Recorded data
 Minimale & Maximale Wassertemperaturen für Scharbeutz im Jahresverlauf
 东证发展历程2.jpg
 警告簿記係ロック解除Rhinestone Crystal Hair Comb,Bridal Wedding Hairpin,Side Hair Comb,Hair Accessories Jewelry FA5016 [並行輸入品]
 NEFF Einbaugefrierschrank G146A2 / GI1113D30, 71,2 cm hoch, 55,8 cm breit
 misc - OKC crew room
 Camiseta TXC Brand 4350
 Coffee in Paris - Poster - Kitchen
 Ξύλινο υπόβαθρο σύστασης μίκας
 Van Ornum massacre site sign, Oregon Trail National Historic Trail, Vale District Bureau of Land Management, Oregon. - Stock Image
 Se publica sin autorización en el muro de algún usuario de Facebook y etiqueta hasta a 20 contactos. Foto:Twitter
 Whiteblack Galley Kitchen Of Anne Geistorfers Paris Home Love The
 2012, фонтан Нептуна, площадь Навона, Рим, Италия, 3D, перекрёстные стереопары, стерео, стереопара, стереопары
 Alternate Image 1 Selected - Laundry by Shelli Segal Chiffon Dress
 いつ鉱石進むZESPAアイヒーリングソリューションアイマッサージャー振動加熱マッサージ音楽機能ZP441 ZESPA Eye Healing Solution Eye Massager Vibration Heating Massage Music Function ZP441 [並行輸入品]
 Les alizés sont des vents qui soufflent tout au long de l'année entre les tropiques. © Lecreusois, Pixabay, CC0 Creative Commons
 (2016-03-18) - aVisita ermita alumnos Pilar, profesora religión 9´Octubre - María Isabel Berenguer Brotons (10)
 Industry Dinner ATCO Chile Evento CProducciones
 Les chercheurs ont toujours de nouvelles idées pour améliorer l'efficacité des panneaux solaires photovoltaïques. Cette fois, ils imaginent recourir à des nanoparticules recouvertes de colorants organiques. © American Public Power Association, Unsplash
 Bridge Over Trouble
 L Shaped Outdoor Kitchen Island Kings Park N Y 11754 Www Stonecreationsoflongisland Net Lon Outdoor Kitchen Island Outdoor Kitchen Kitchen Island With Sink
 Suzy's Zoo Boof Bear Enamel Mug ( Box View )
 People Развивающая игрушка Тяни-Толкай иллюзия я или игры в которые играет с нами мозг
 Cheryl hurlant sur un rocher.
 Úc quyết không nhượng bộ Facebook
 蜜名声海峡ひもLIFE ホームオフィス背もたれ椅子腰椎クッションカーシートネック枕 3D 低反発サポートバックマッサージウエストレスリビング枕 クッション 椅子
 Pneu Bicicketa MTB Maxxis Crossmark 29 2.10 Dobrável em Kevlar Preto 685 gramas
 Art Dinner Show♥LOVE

# TASK PROMPT
Write down again, exactly as given, only the lines above that fall from the line with "いつ鉱石進むZESPAアイヒーリングソリューションアイマッサージャー振動加熱マッサージ音楽機能ZP441 ZESPA Eye" to the line with "Les alizés sont", inclusive.

# EXPECTED ANSWER
 いつ鉱石進むZESPAアイヒーリングソリューションアイマッサージャー振動加熱マッサージ音楽機能ZP441 ZESPA Eye Healing Solution Eye Massager Vibration Heating Massage Music Function ZP441 [並行輸入品]
 Les alizés sont des vents qui soufflent tout au long de l'année entre les tropiques. © Lecreusois, Pixabay, CC0 Creative Commons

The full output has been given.